Friday, September 13, 2013

Swimming Home

Swimming Home, by Deborah Levy, is an engaging novel whose sparse writing reads like a play. Indeed, the author, long-listed for the Man Booker Prize 2012, is an accomplished playwright. The small number of characters make their appearance two by two in each chapter much as actors upon a stage.

In a review in the Los Angeles Review of Books, Mark Haskell Smith explains:

Much like in a play, Levy doesn't gently introduce the characters or the setting, instead she stomps on the gas, peels out, and sets everything in motion in one of the first scenes as the cast discover Kitty skinnydipping in the pool. At first they think she might be a bear, but it soon becomes apparent that she is a young woman in her 20s...It is a grand entrance and sets the tone for the sexual tension that underscores the novel like a throbbing techno track ("Always Raining: On Deborah Levy's 'Swimming Home,'" December 11th, 2012)

The novel is set at a villa on the French Riviera. There are five main characters.  Kitty Finch, the  woman described in the above quote, has recently suffered a mental breakdown. She is a seductress, stalking Joe Jacobs, a poet of Polish-Jewish descent who is staying at villa with his wife and daughter. Joe is also a tormented soul. When the Germans invaded Poland during WWII, Joe was just five years old. In an attempt to save his son, his father abandoned him in the forest and told him he must never return home. Joe survived in the forest alone. Although he becomes a literary success, he suffers from disabling depression and had difficulty with emotional intimacy.

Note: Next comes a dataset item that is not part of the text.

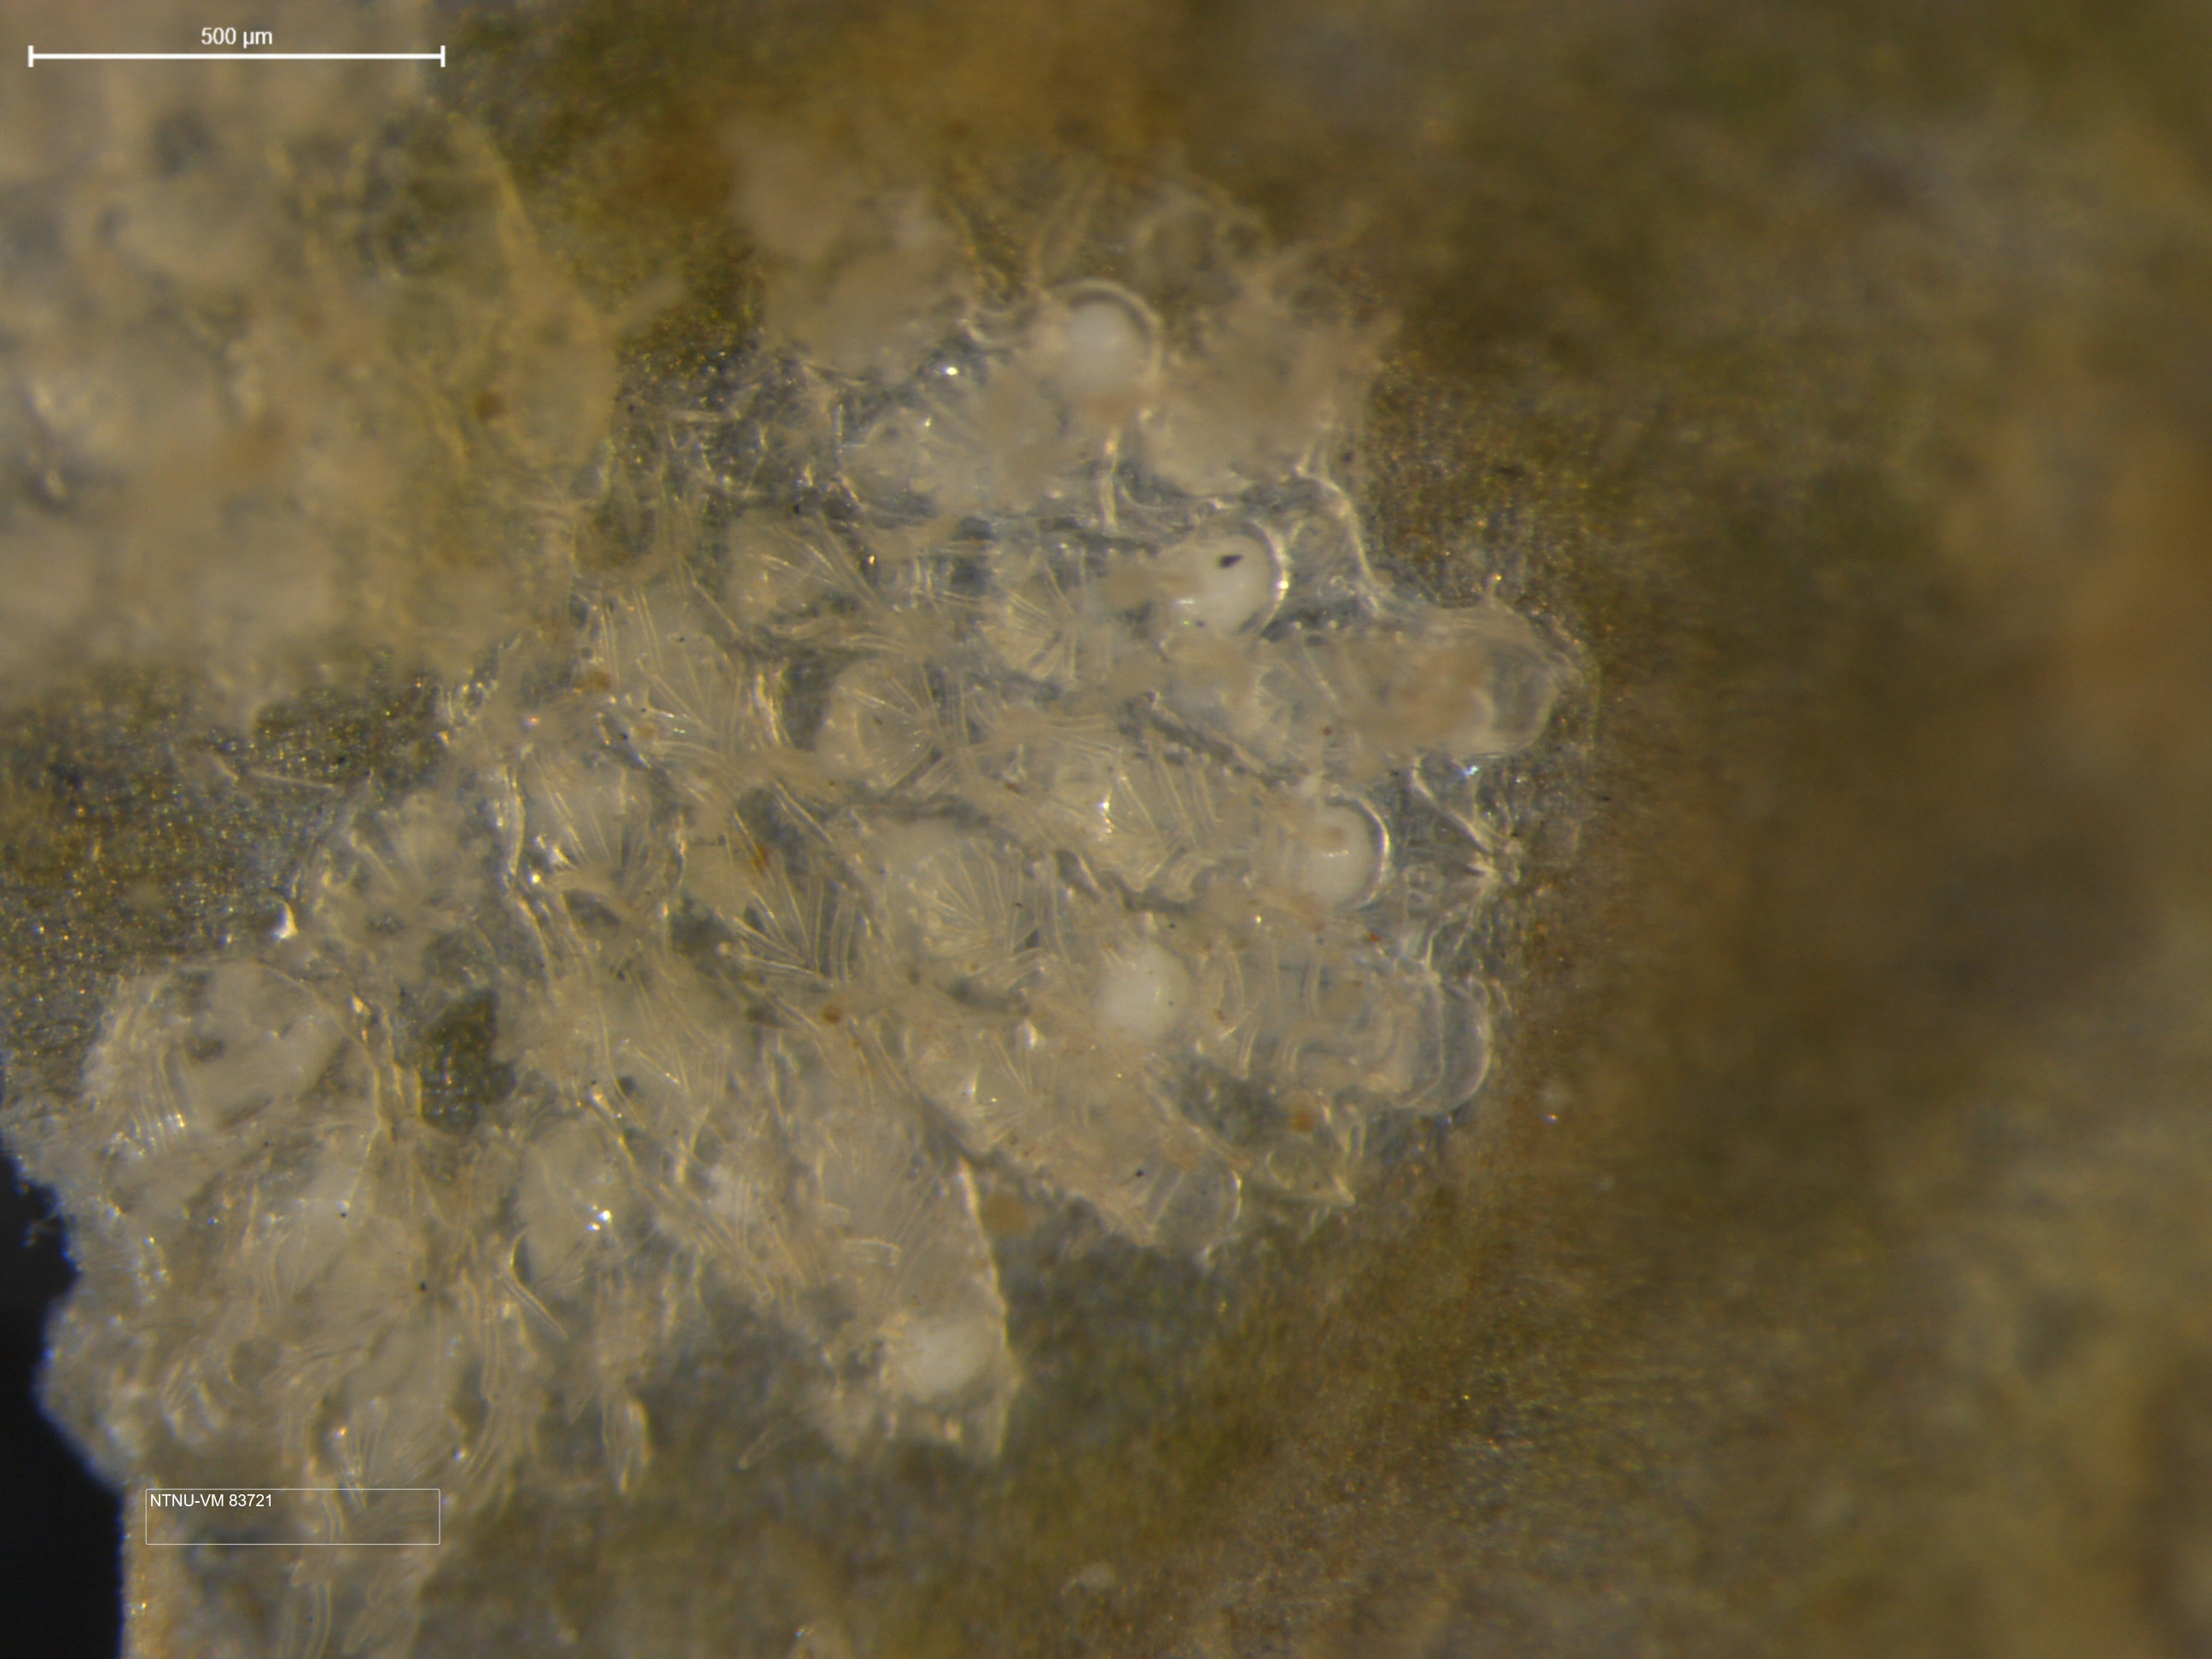 Mosdyr: Callopora craticula.

His wife, Isabel, would be the first to attest to this. She is a foreign correspondent who goes to the most troubled spots on the globe. Like her husband, she has seen the worst in human nature. Even from the vantage point of an adult, it has altered her view of life.

She was in the middle of her life, she was nearly fifty years old and had witnessed countless massacres and conflicts in the work that pressed her up close to the suffering world...Yet even without witnessing firsthand the terrors of Rwanda, she had gone too far into the unhappiness of the world to start all over again. (p. 31)

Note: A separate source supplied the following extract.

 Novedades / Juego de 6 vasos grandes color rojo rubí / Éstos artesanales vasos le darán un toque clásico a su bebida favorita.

Their child, Nina, is a prepubescent girl who tries to care for her father during her mother's long absences from home. She loves him but cannot understand the depths of his sadness. She resents her mother, who in a sense, has abandoned her.

The other main characters in the book are Isabel's friends, Laura and Mitchell. Mitchell's compulsive spending has bankrupted this couple. His passion for guns and shooting animals portends the tragedy to come.

Swimming Home is a psychological thriller that grapples with many of life's big questions. How does one maintain love in a long marriage? How can parents protect the innocence of their children? How can optimism be preserved in a world where evil is pervasive?  Deborah Levy explores these themes through well-defined characters, a non-linear plot and an ending that is as shocking as it is unexpected.